We can add more -exec option to insert newlines between the files:
$ find *.txt -exec cat {} \; -exec echo \; > out.txt
$ cat out.txt
Apple
Orange
Grapes
Pork
Beef
Mutton
Cabbage
Lettuce
Broccoli
$
Similarly, we can also use the xargs command along with the find command to concatenate files:
$ find *.txt | xargs -I{} sh -c "cat {}; echo" > out.txt
$ cat out.txt
Apple
Orange
Grapes
Pork
Beef
Mutton
Cabbage
Lettuce
Broccoli
$
4. Using the sed Command
We use the sed command to modify a text input stream. Let’s see how we can use the sed command to merge files:
$ sed '' *.txt > out.txt
$ cat out.txt
Apple
Orange
Grapes
Pork
Beef
Mutton
Cabbage
Lettuce
Broccoli
$
As we can see above, we’ve used the sed command’s default action to merge the files.
Let’s see how we can use the sed command to insert a newline after each file. As we know, the sed command has options to identify the end of text input and the end of a line using the $ symbol.
Let’s see an example:
$ echo "test end of line" | sed '$s/$/\n/'
test end of line
$
Here, we can see a new line is inserted after the text input. Let’s breakdown the sed command part:
- $s – selects range as the last line
- $ – second symbol stands for the end of the line
- \n – is the substitute for the end of the line
Hence, it takes the last line of the file, finds the end of the line, and replaces it with a new line.

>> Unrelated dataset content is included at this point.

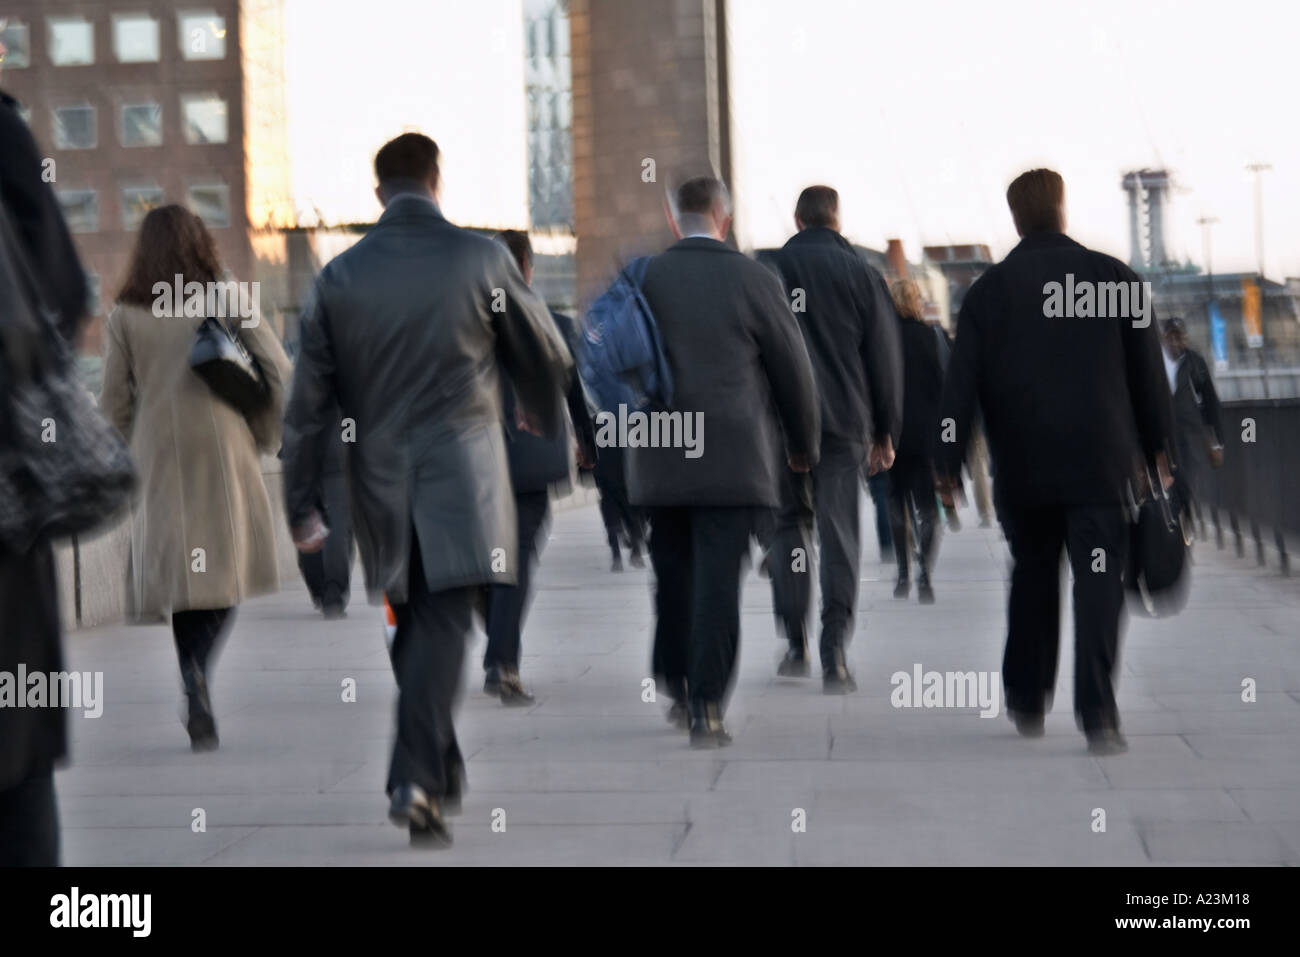 crowds of people commuters on London Bridge walking to work - Stock Image

Let’s use this to insert a new line between the files:
$ sed -e '$s/$/\n/' *.txt > out.txt
$ cat out.txt
Apple
Orange
Grapes
Pork
Beef
Mutton
Cabbage
Lettuce
Broccoli
$
From the above results, we can see that the output contains a new line, but only at the end of the file. We need a new line after each file.
To fix this, after the expression option (-e), we can use the -s option of the sed command. That’ll make sed to process the files separately, and we get a new line at the end of each file.
Let’s take a look at it:
$ sed -e '$s/$/\n/' -s *.txt > out.txt
$ cat out.txt
Apple
Orange
Grapes
Pork
Beef
Mutton
Cabbage
Lettuce
Broccoli
$
Now, we can see the output has a new line after the end of each file. Further, if we need a different separator between the files, we can add that separator string after the newline in the sed pattern.
5. Using the awk Command
The awk is a powerful command-line utility used for processing text. We’ll use the print and $0 keywords in AWK language to concatenate the files:
Let’s look at a simple example to merge files:
$ awk '{print $0}' *.txt > out.txt
$ cat out.txt
Apple
Orange
Grapes
Pork
Beef
Mutton
Cabbage
Lettuce
Broccoli
$
As shown above, the print command displays the value, while $0 stands for the record being processed.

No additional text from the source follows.